As a reminder a centile of a survival function can be obtained by solving \(S(t) = \alpha\) for \(t\). For example, for the median survival time we set \(\alpha = 0.5\), i.e. the 50th (per)centile. For simple parametric distributions, such as the Weibull, we can solve for \(t\) analytically, but for more complex models the centile is obtained through iterative root finding techniques. In stpm2 I have used Brent’s root finder when evaluating centiles.
The centile of a standardized survival function is obtained by solving the following equation for t.
\[ E\left(S(t | X=x,Z\right) = \alpha \]
This is done through root finding (using Brent’s root finder) by solving,
\[ \frac{1}{N}\sum_{i=1}^N {S(t | X=x,Z)} - \alpha = 0 \]
Variances can be obtained using M-estimation .
Example
I use a colon cancer example. I first load and stset the data
. use https://www.pclambert.net/data/colon if stage!=0, clear
(Colon carcinoma, diagnosed 1975-94, follow-up to 1995)
. stset surv_mm, f(status=1,2) scale(12) exit(time 120)
Survival-time data settings
Failure event: status==1 2
Observed time interval: (0, surv_mm]
Exit on or before: time 120
Time for analysis: time/12
--------------------------------------------------------------------------
13,208 total observations
0 exclusions
--------------------------------------------------------------------------
13,208 observations remaining, representing
8,866 failures in single-record/single-failure data
43,950.667 total analysis time at risk and under observation
At risk from t = 0
Earliest observed entry t = 0
Last observed exit t = 10I drop those with missing stage information (stage == 0). I am investigating all cause survival (status=1,2).
I fit a model that includes stage, sex and age (using a natural spline). I assume proportional hazards, but if I relax this assusmption the syntax for standsurv would be identical. Stage is classified as localised, regional and distant and is modelled as a factor variable with localised as the reference category.
. gen female = sex==2
. stpm3 i.stage i.female @ns(age,df(3)), scale(lncumhazard) df(4) nolog eform
Number of obs = 13,208
Wald chi2(6) = 6155.27
Log likelihood = -19665.932 Prob > chi2 = 0.0000
------------------------------------------------------------------------------
| exp(b) Std. err. z P>|z| [95% conf. interval]

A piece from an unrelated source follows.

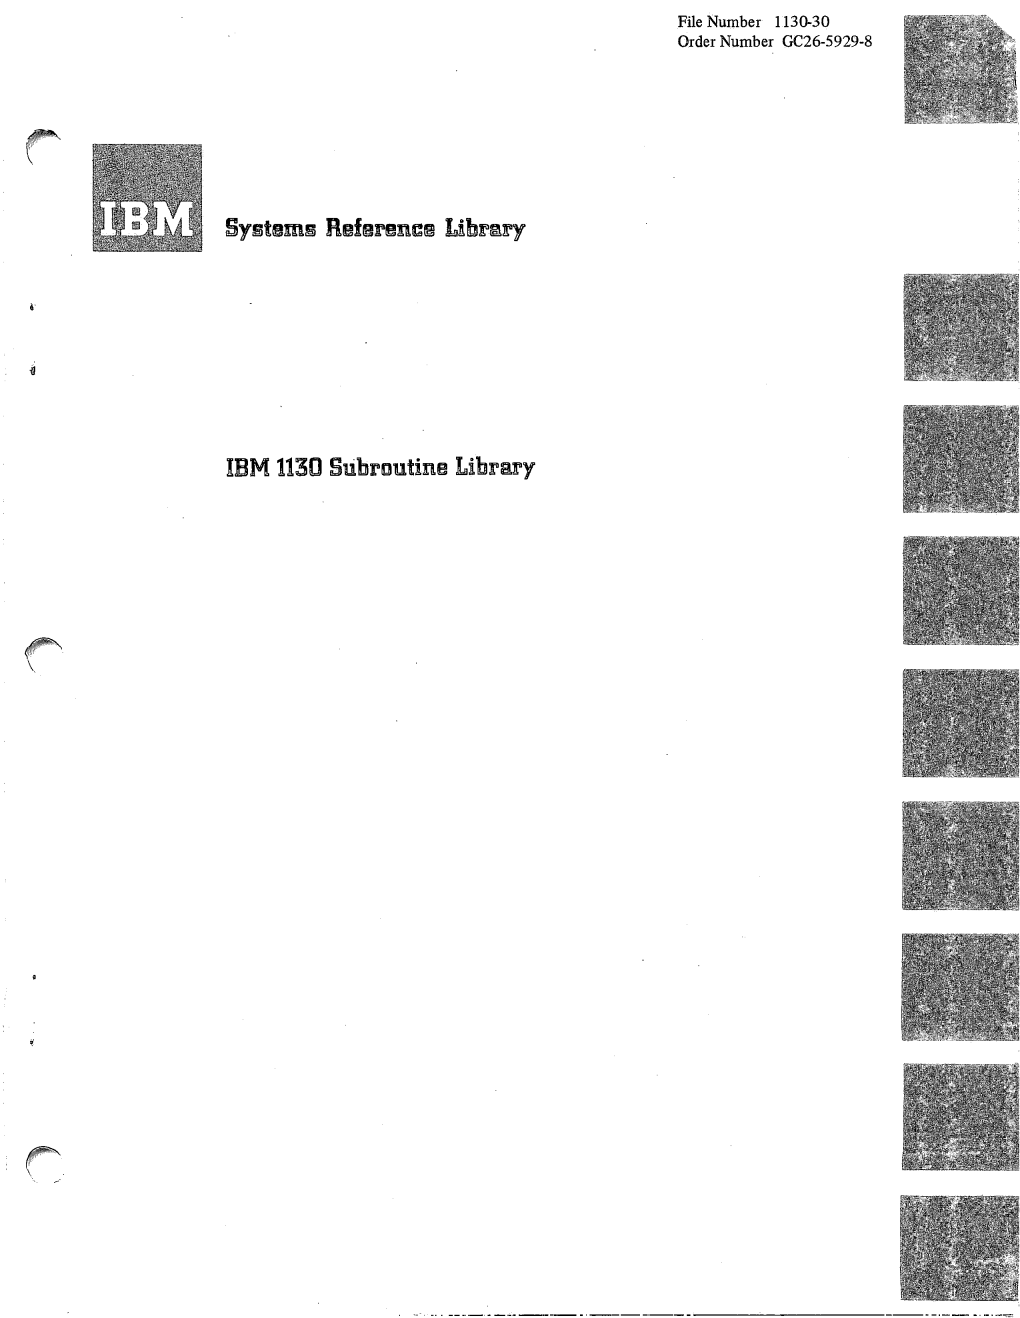 Systems Reference Library IBM 1130 Subroutine Library

-------------+----------------------------------------------------------------
xb |
stage |
Regional | 1.758926 .0617187 16.09 0.000 1.642026 1.884149
Distant | 5.656322 .1390555 70.48 0.000 5.39024 5.935539
|
1.female | .8634681 .01891 -6.70 0.000 .8271894 .901338
_ns_f1_age1 | .0019791 .0012531 -9.83 0.000 .0005722 .0068455
_ns_f1_age2 | .7897475 .2383663 -0.78 0.434 .4370927 1.426931
_ns_f1_age3 | .1506021 .025846 -11.03 0.000 .1075845 .2108204
-------------+----------------------------------------------------------------
time |
_ns1 | -14.64251 .1616785 -90.57 0.000 -14.95939 -14.32563
_ns2 | 3.188902 .0786506 40.55 0.000 3.034749 3.343054
_ns3 | -1.66889 .0227393 -73.39 0.000 -1.713459 -1.624322
_ns4 | -1.036622 .0267331 -38.78 0.000 -1.089018 -.984226
_cons | 1.441705 .0983651 14.66 0.000 1.248912 1.634497
------------------------------------------------------------------------------
Note: Estimates are transformed only in the first equation.
Extended functions
(1) @ns(age, df(3))There is a clear effect of stage with a hazard ratio of 5.66 for distant stage versus localised stage. Remember that I am modelling all cause survival and one would expect a cause-specific hazard ratio to be higher. The all-cause mortality rate for females is 14% lower than males.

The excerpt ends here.